The story takes place a year after Vincent died at 37-years-old on July 29, 1890 in Auvers-sur-Oise, France. In Zundert, Netherlands, Armand, the son of a postmaster, who was a close friend of Vincent’s, is given by his father a letter from Vincent, written before he died, to Vincent’s brother, Theo.
Armand, at first, is a hot head. The movie first shows Armand beating up on a soldier and then fighting in a bar. It is only after his father tells him the importance of the letter to Theo that Armand agrees to keep his word to deliver it. Armand’s father says, “What if you had died, and, before you died, you had written me a letter. Wouldn’t you want me to get it.”
Armand travels to Paris to find Theo, only to discover Theo died six months after Vincent did. Armand, after interviewing several people, decides to go to a small French village called Auvers-sur-Oise to give the letter to the doctor who treated Van Gogh for his melancholy, which today probably would have been called manic depressive.
When he gets to the doctor’s village, he meets the doctor’s daughter who clearly liked Vincent Van Gogh, but who lies to him about Vincent. Then, he meets the housekeeper, who tells him to go away and says Van Gogh was a very evil man. The doctor’s out of town, so Armand rents the room where Vincent died in the little hotel bar being kept by a lovely woman who clearly was also interested in Van Gogh.
Armand tries to find out why Van Gogh shot himself, but another doctor tells him it would have been impossible for Van Gogh to shoot himself at that angle. When people shoot themselves, they shoot themselves in the head, the mouth, or the heart, not in the lower abdomen. Also, from the angle of the shot and the force of entry of the bullet, Van Gogh must have pulled the trigger with his big toe.

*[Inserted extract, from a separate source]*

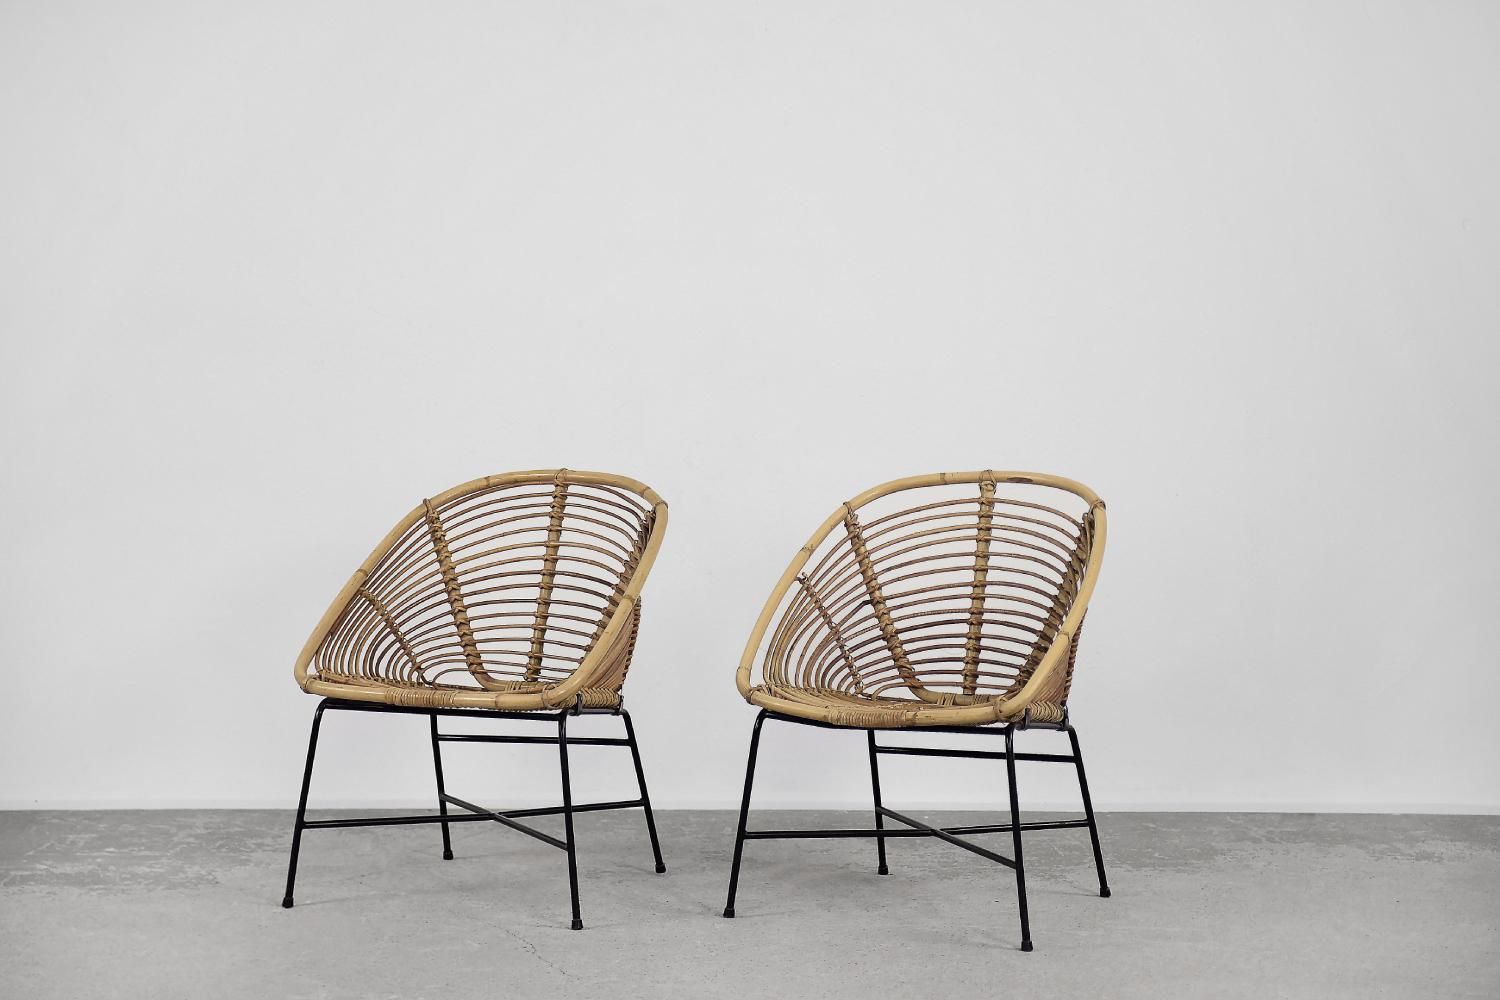 Pair of Vintage Mid-Century Modern Black Metal & Natural Bamboo Chairs, 1960s In Good Condition For Sale In Warszawa, Mazowieckie

Now, Armand wants to discover who killed Van Gogh, but everyone has a good alibi, and everyone seems to tell the truth, but the truths disagree with one another. Each person, however, reveals something about Van Gogh. They talk about Van Gogh’s short-lived friendship with Gaugin and other famous painters of the period. Vincent Van Gogh only painted for a few years (the movie says eight), but he painted 860 oil paintings. The doctor treating Van Gogh envied his art because he always wanted to be an artist and spent his nights copying Van Gogh’s paintings. When the doctor died, he gave the paintings to a French museum, and the museum had to decide which were Van Gogh’s and which were the doctor’s.

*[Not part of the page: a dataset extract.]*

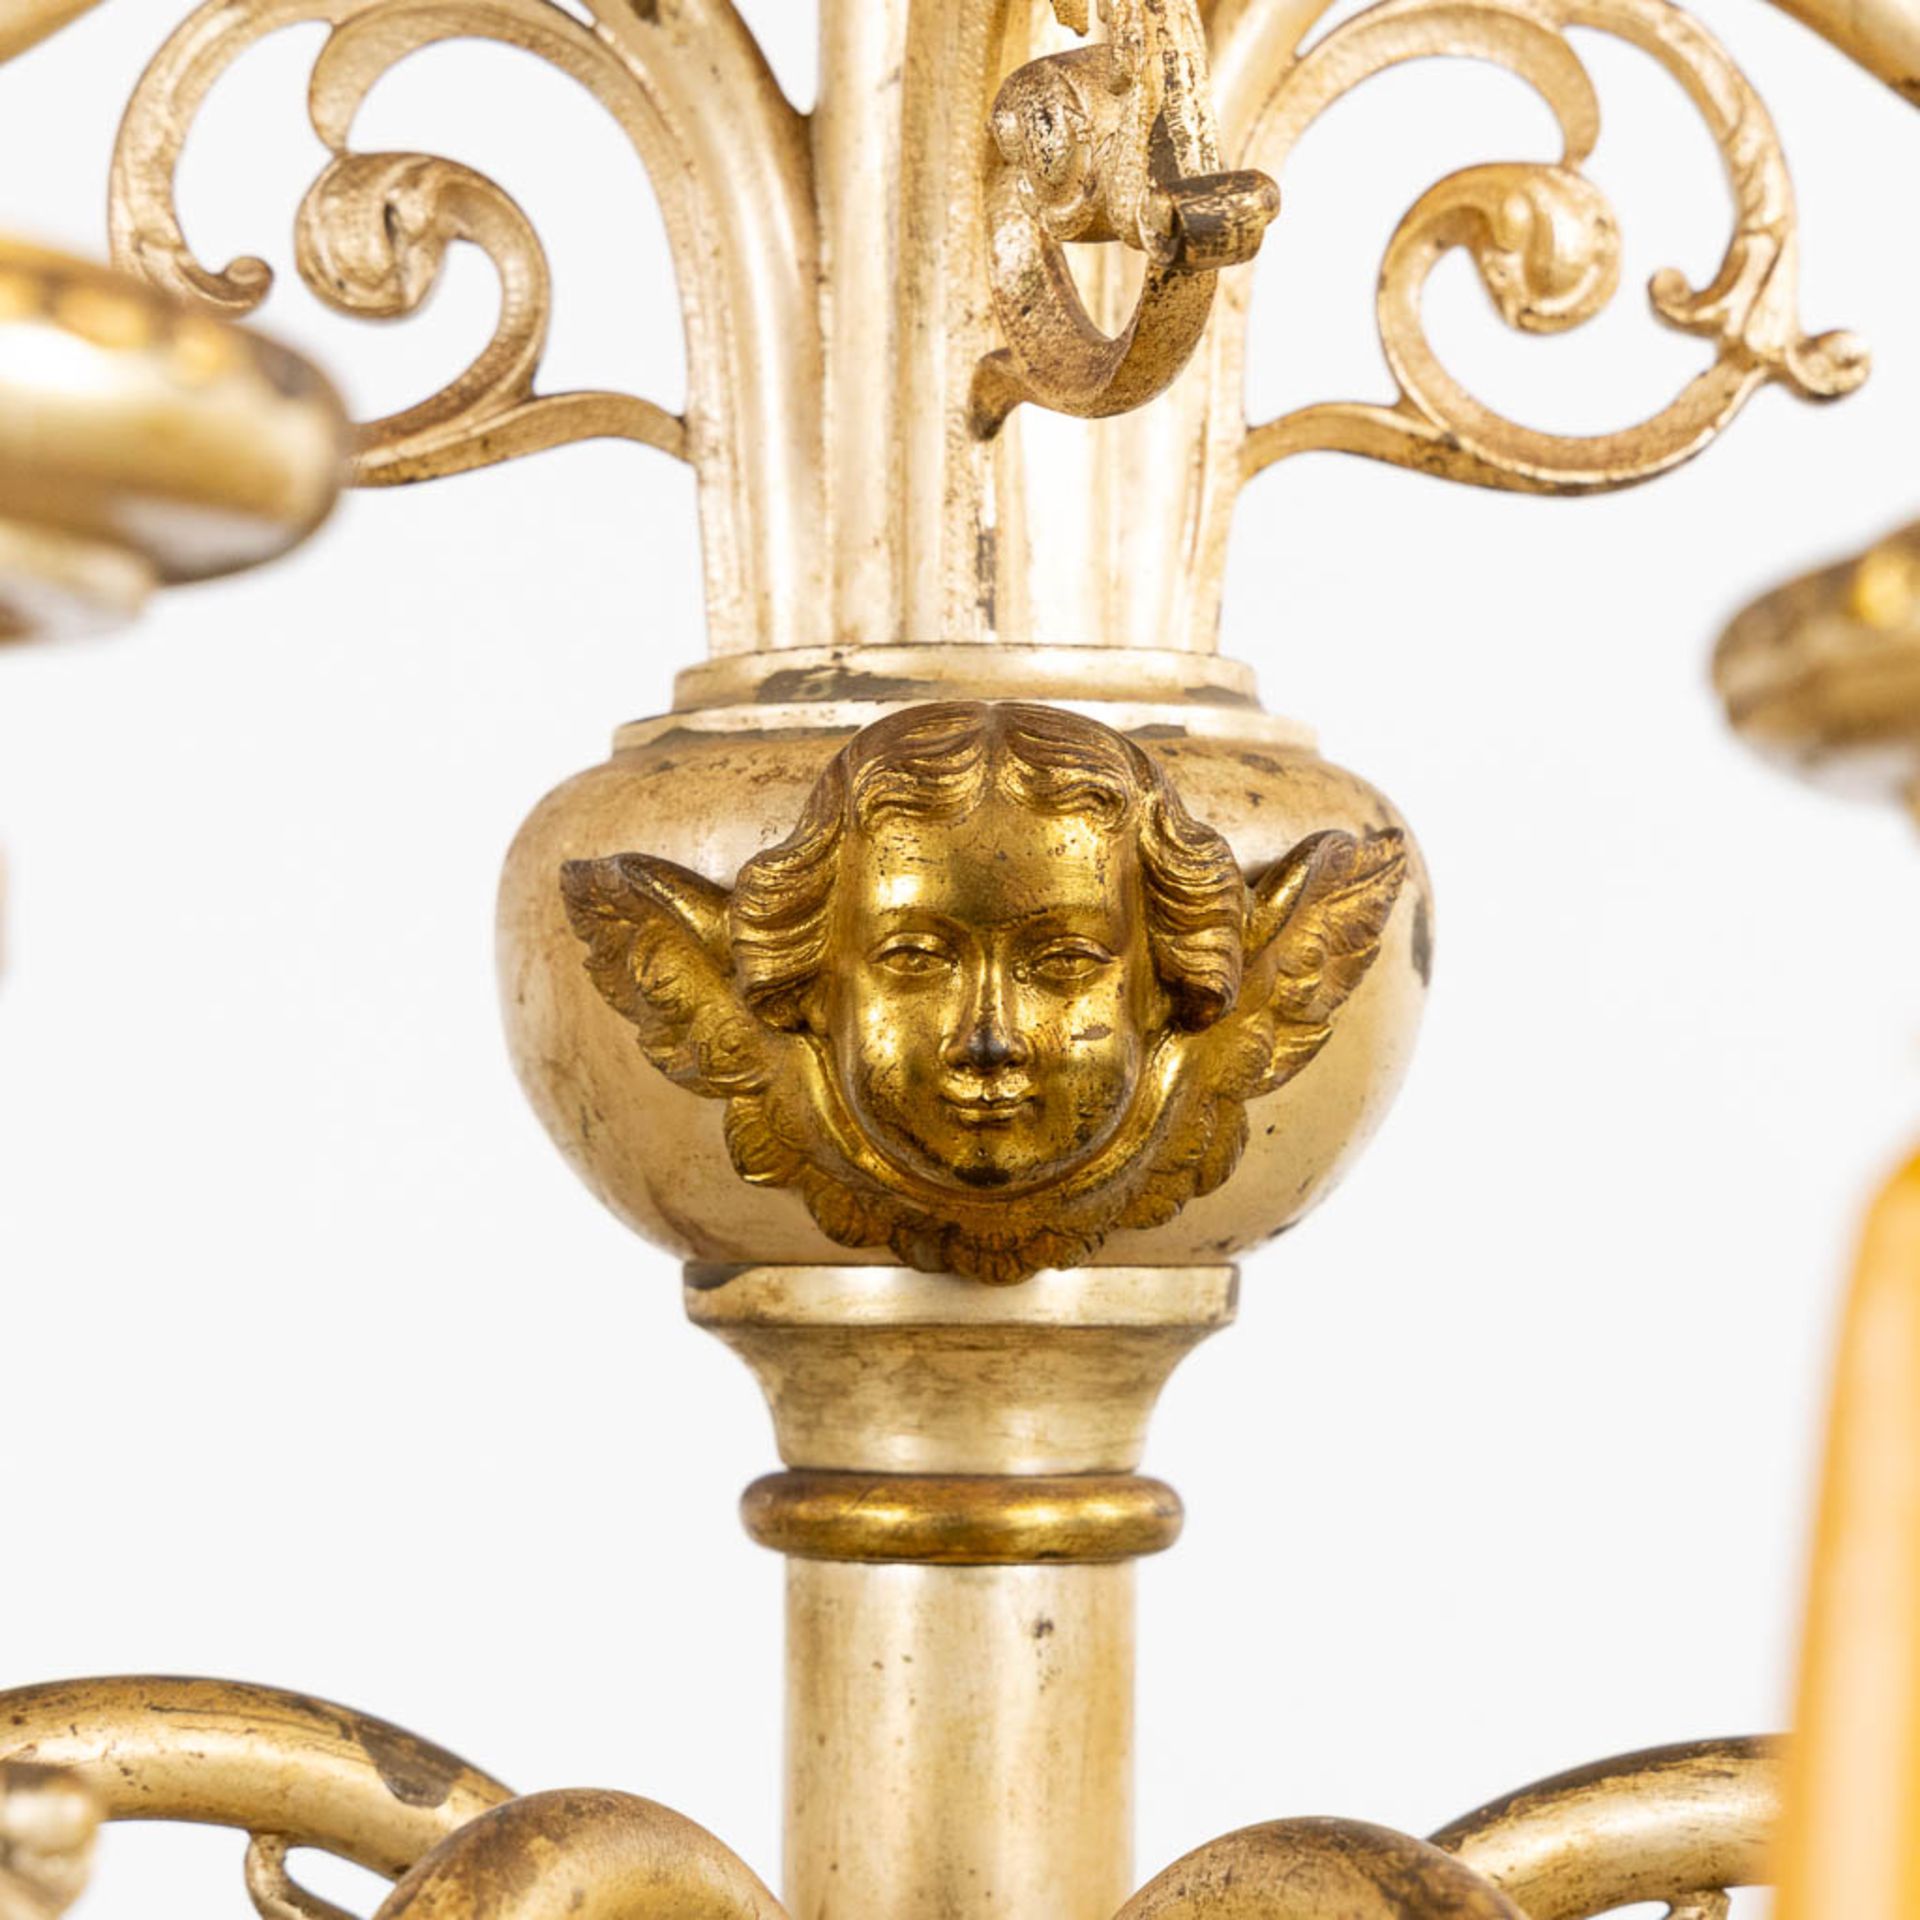 An impressive pair of candelabra, 15 candles, gold and silver-plated metal. (L:44 x W:60 x H:138 cm) - Image 12 of 12

LOVING VINCENT takes a moment to get used to as a movie in high art. Once you get used to it, it becomes a fascinating revelation of Vincent Van Gogh, so much so that this review could go on and on. Besides being an interesting whodunit, this Polish production finds renowned actors who look like the characters in Van Gogh’s paintings.

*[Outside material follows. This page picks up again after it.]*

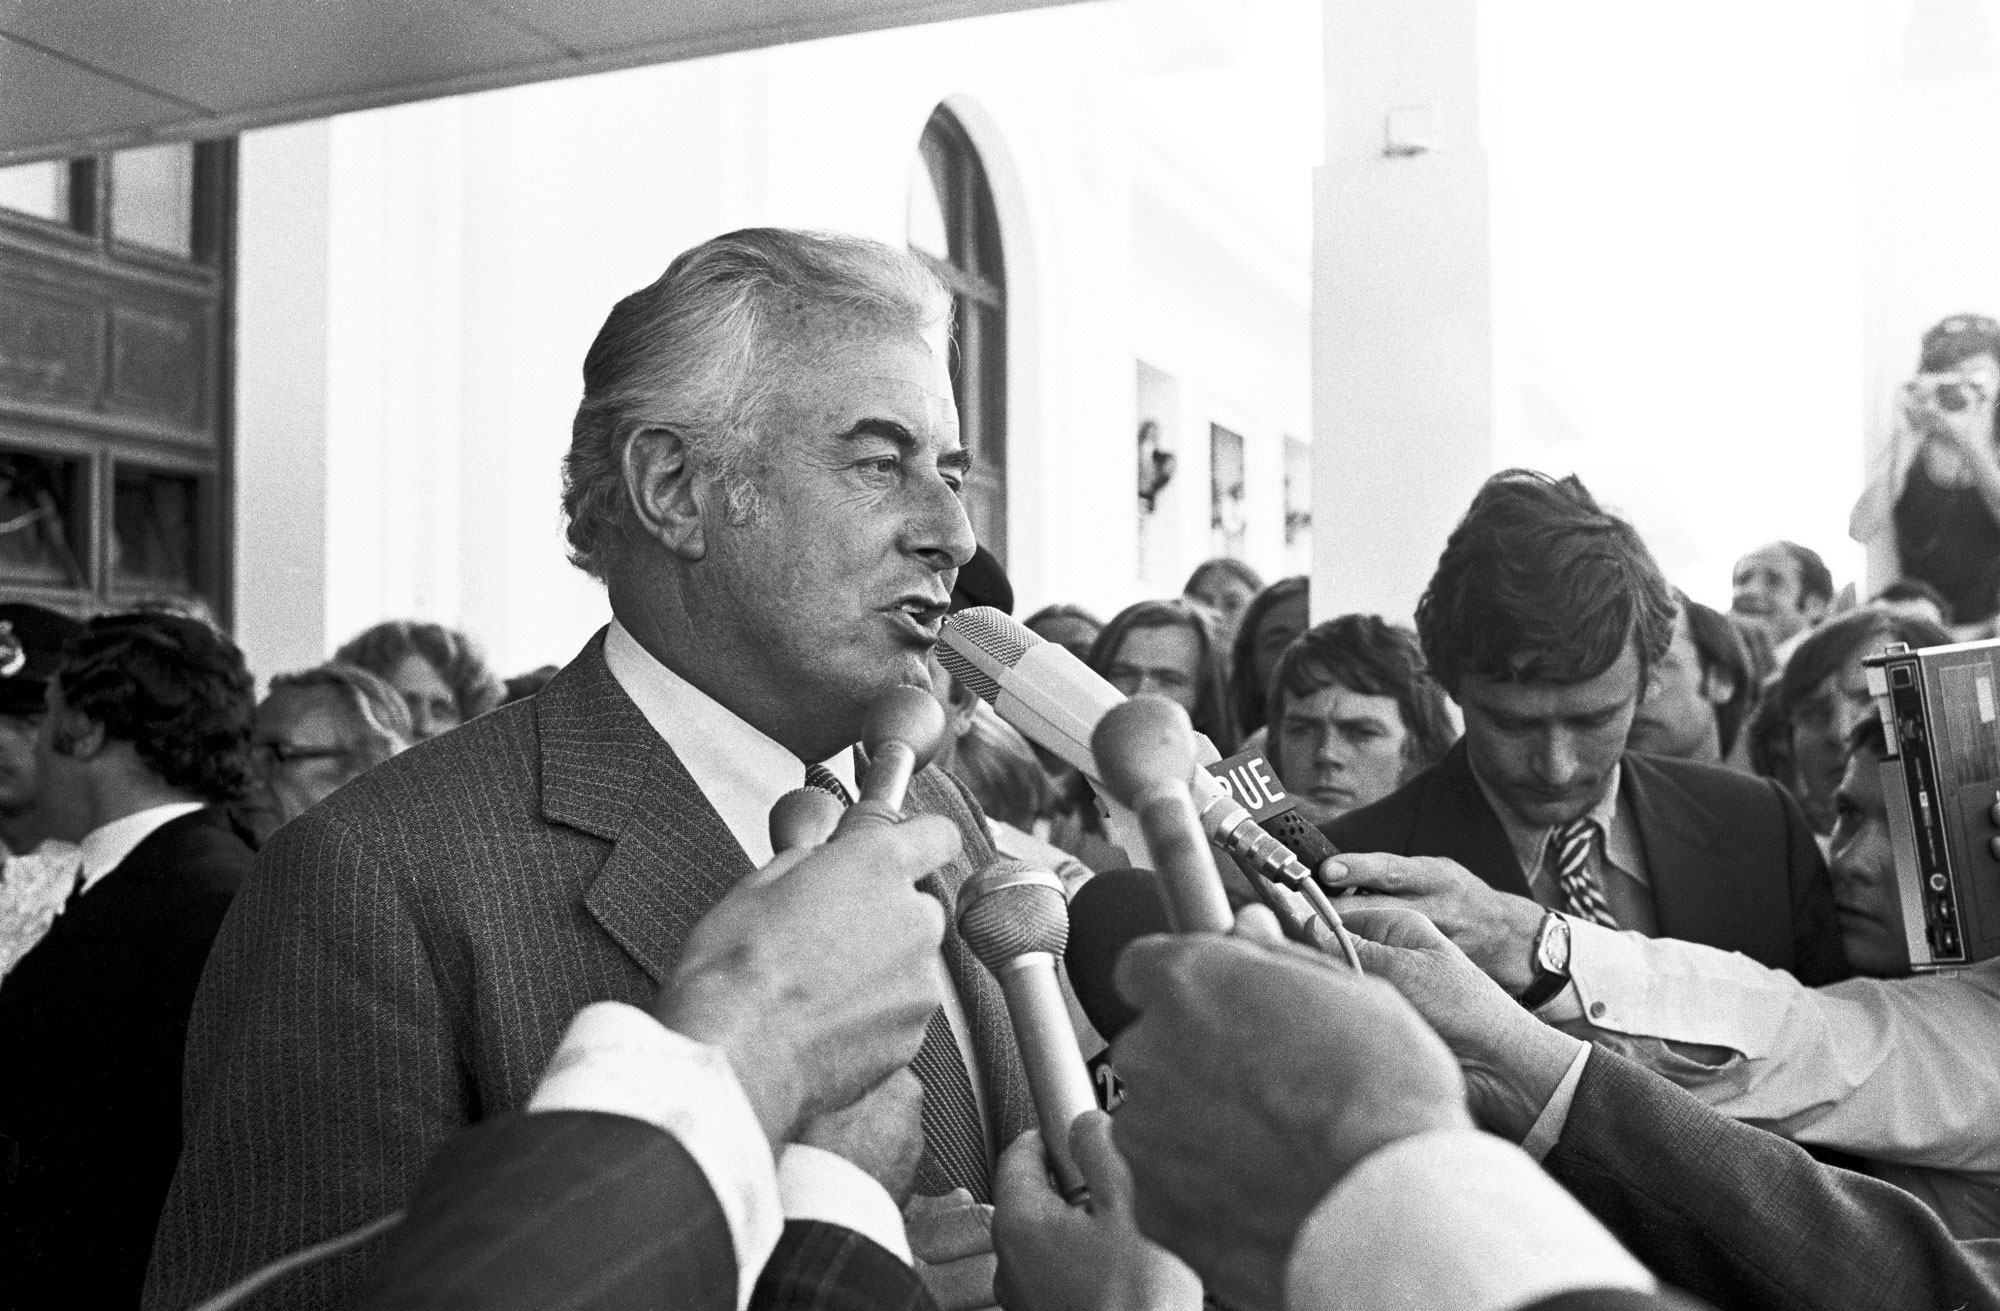 Gough Whitlam speaking after the dismissal of his government, 11 November 1975.

By the way, the movie does mention that Van Gogh studied for the priesthood in the Reformed Church and failed. Then, he studied to be a missionary and failed. His father was a devout man of God, and Van Gogh clearly wanted to follow in his footsteps. However, the movie doesn’t show his theological interest in any meaningful way and doesn’t show Van Gogh’s faith in Jesus Christ. The one overtly Christian character, the housekeeper, is a mean-spirited gossip and slanderer, which is very sad.
At any rate, LOVING VINCENT is fascinating, with a strong moral worldview about doing the right thing, finding out the truth, honoring relationships, and respecting bequests. Although not a big audience movie, it’s a move well worth watching.